Smotrom tvoja pa ander drogoj verden! Resurrecting Dead Pidgin with Generative Models: Russenorsk Case Study
This work addresses the linguistic analysis and reconstruction of a dead pidgin language for historical and academic purposes, representing an incremental application of existing methods to new data.
The paper tackled the analysis of the extinct Russenorsk pidgin language by constructing a structured dictionary from surviving sources and using large language models to generate hypotheses about its word formation and grammar, then developed a translation agent to reconstruct hypothetical Russenorsk texts from modern Russian and Norwegian.

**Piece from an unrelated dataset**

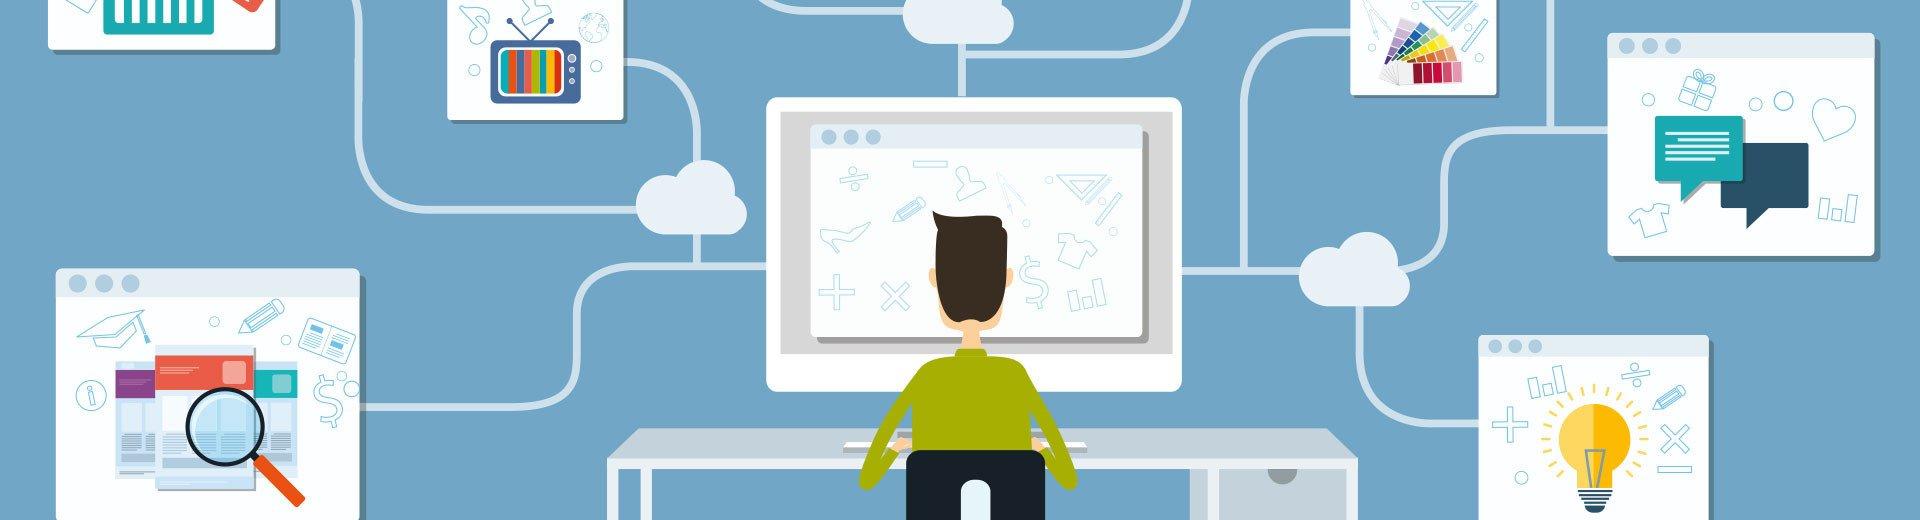 Okładka artykułu Jak zwrócić uwagę użytkownika za pomocą popupu — Z wykorzystaniem JavaScript

Russenorsk, a pidgin language historically used in trade interactions between Russian and Norwegian speakers, represents a unique linguistic phenomenon. In this paper, we attempt to analyze its lexicon using modern large language models (LLMs), based on surviving literary sources. We construct a structured dictionary of the language, grouped by synonyms and word origins. Subsequently, we use this dictionary to formulate hypotheses about the core principles of word formation and grammatical structure in Russenorsk and show which hypotheses generated by large language models correspond to the hypotheses previously proposed ones in the academic literature. We also develop a "reconstruction" translation agent that generates hypothetical Russenorsk renderings of contemporary Russian and Norwegian texts.